Discriminating between rain, sleet (wet snow), and snow (dry snow) through ground-based observations is beneficial for evaluating the risks of snow accretion damage andfor accurately estimating precipitation intensity in bright band regions observed by radar. In the observation of sleet particles, information on particle size, fall velocity, and density is essential. While particle size and fall velocity can be easily measured using an optical disdrometer, accurately measuring the density of sleet is challenging, and little research has been conducted on this aspect.

Previous studies have developed a method to determine the Center of Mass Flux distribution (CMF) corresponding to the size-fall velocity distribution of precipitation particles observed over a certain period, aiming for the automatic classification of solid precipitation types such as snowflakes and graupel. This method estimates the mass and density of individual precipitation particles by interpolating from empirical size-fall velocity and size-mass relationships specific to each precipitation type, based on the measured size and fall velocity. However, for melting particles such as sleet, it is impossible to empirically determine density from the size-fall velocity space, making it difficult to estimate mass and consequently derive CMF. As a result, no previous studies have attempted to classify rain, sleet, and snow based on the size-fall velocity distribution to identify periods of sleet precipitation.

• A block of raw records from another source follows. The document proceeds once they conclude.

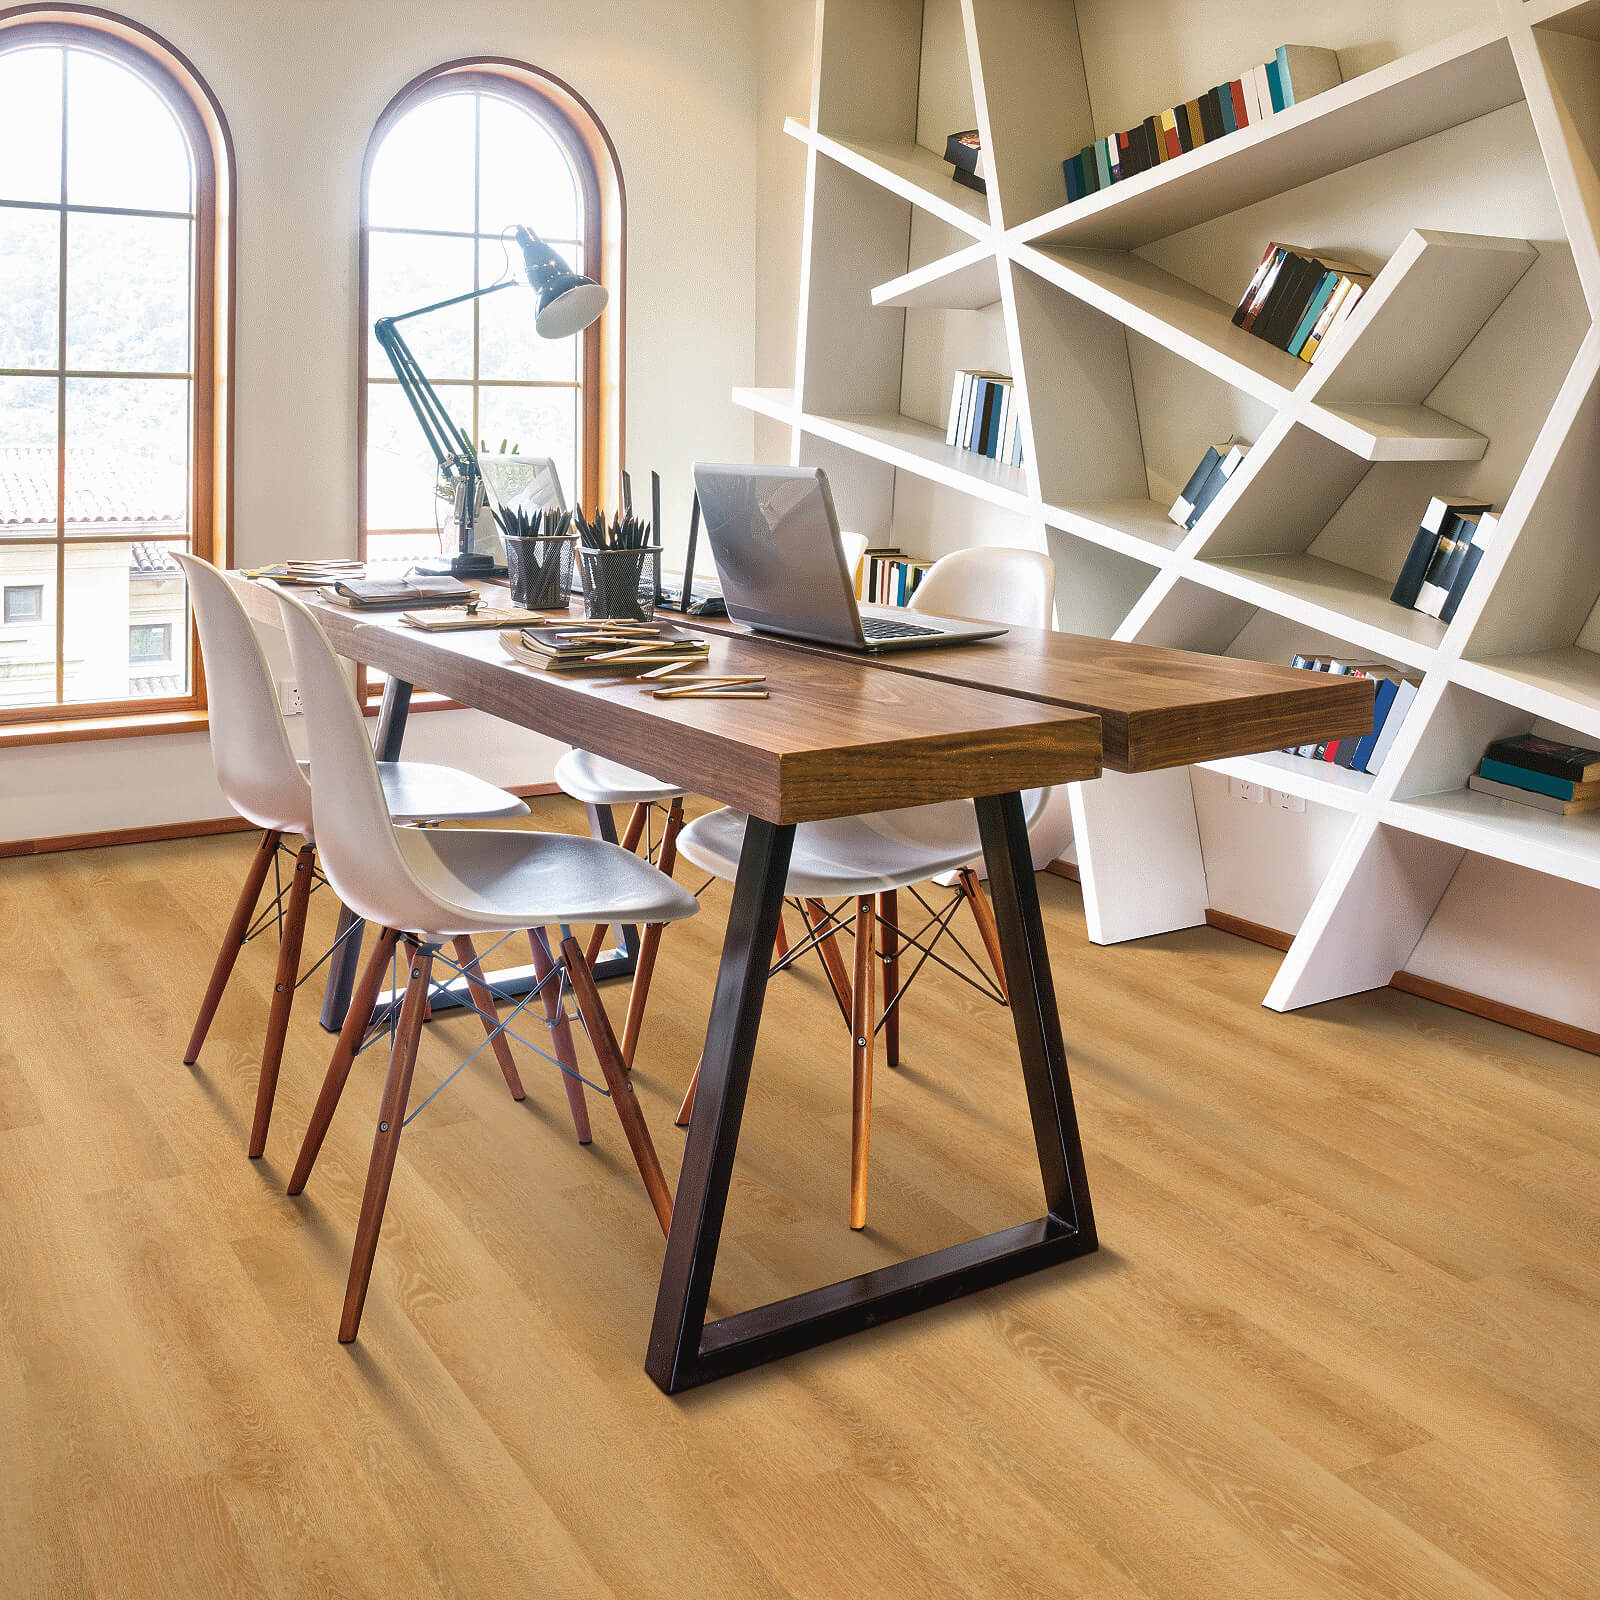 Vinyl flooring for study room | Lynch Carpet & Flooring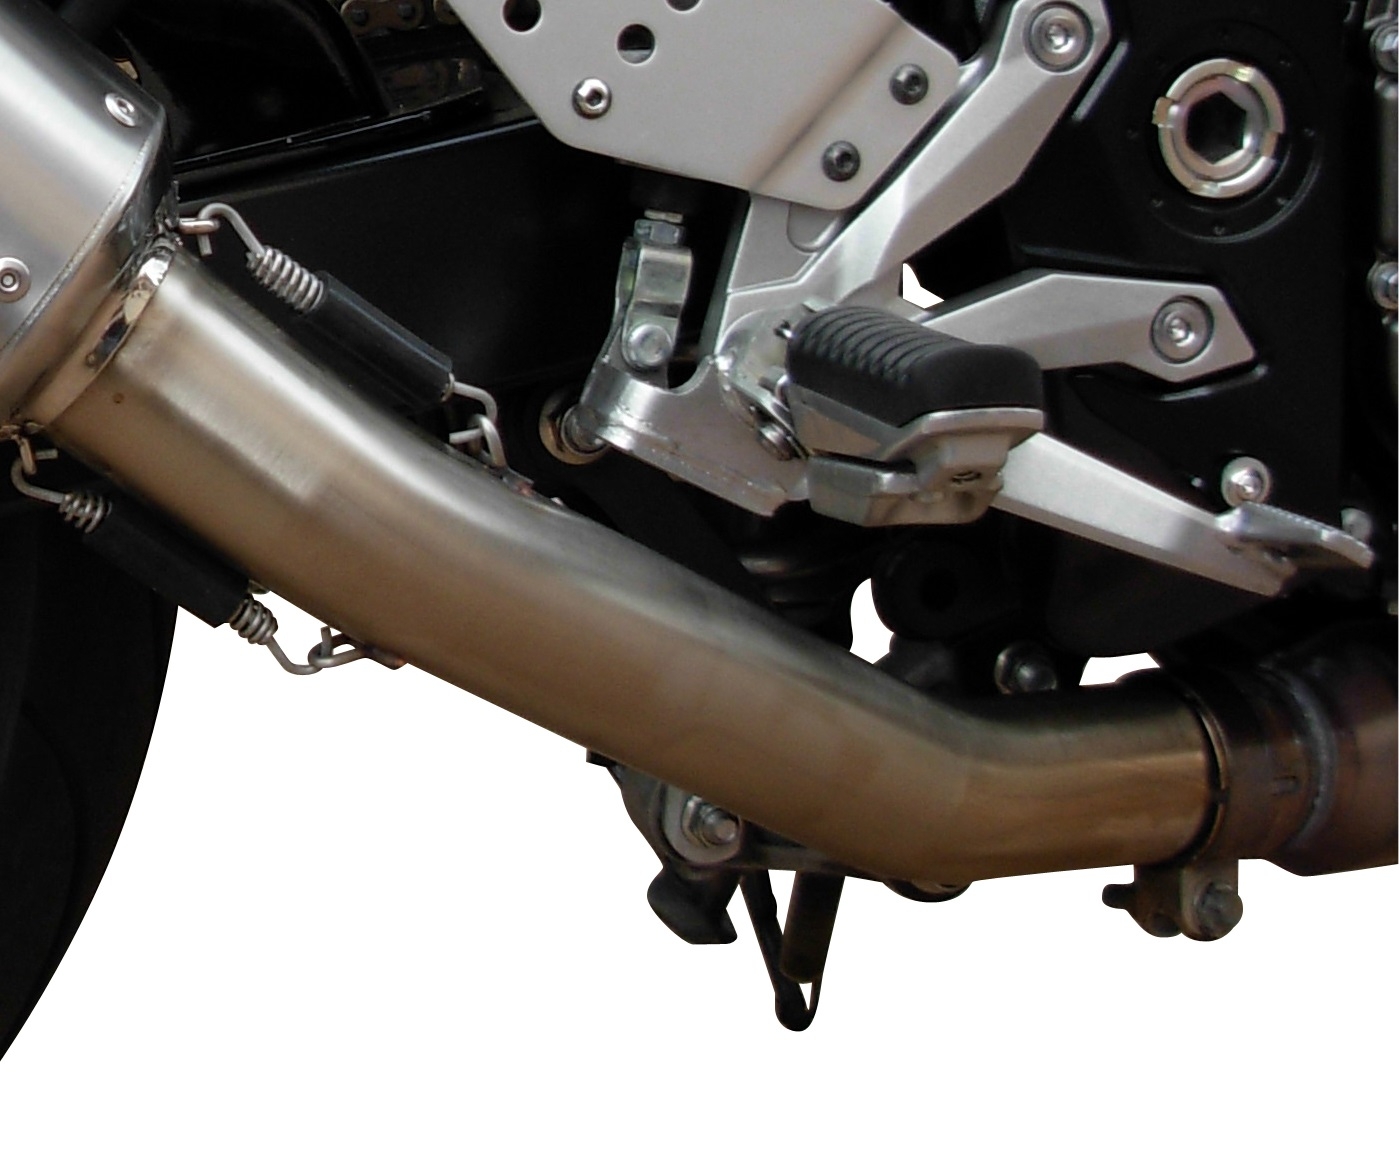 Scarico compatibile con Kawasaki Z 750 - R 2007-2014, Satinox , Terminale di scarico omologato, fornito con db killer estraibile, catalizzatore e raccordo specifico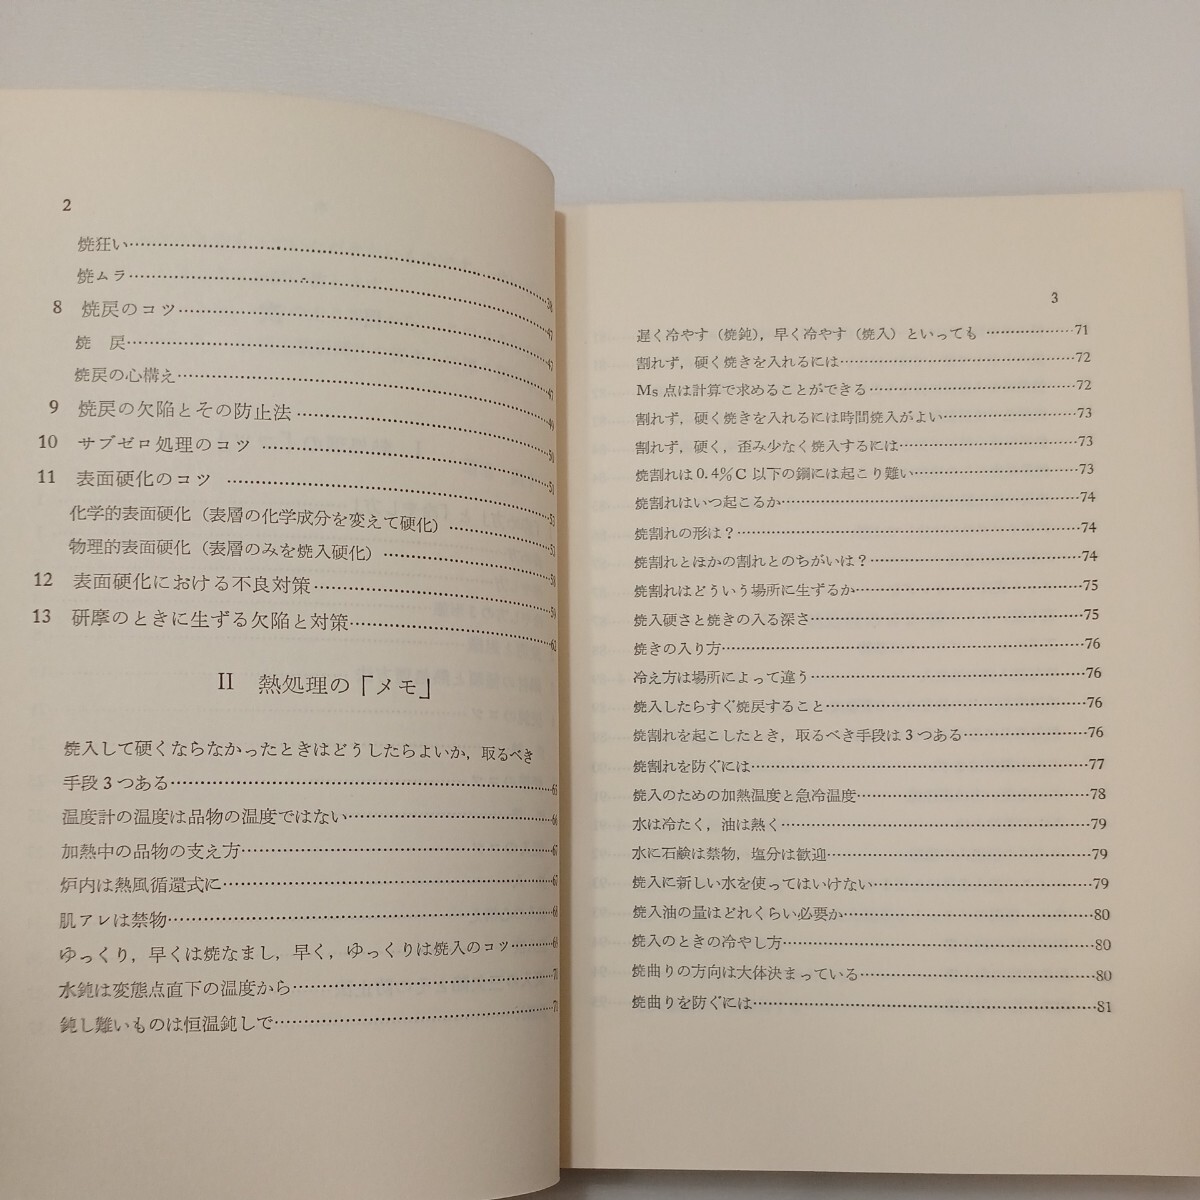 zaa-578♪熱処理ノート 単行本 　大和久 重雄 (著) 日刊工業新聞社 (1979/9/10)

To address this issue, this study developed a method that enables density estimation by assuming inertial resistance. By determining the Reynolds number and the drag coefficient as functions of particle size and fall velocity, it became possible to estimate density for precipitation particles of any size and fall velocity. Using this method, CMF was calculated. By setting multiple boundaries between rain and sleet, as well as between snow and sleet within the size-fall velocity distribution, This study attempted to detect periods of sleet precipitation under conditions where the temperature exceeded 0°C.

This study analyzed observational data from the PARSIVEL optical disdrometer installed at Kanazawa University in Ishikawa Prefecture, focusing on a 7-hour period from 15:00 to 22:00 on January 10, 2018. A comparison with observational records from the Kanazawa Local Meteorological Observatory, located near the observation site, showed general agreement in that sleet accounted for the majority of the precipitation period. Although uncertainties exist in the methodology, the results suggest a reasonable degree of validity for the detection approach.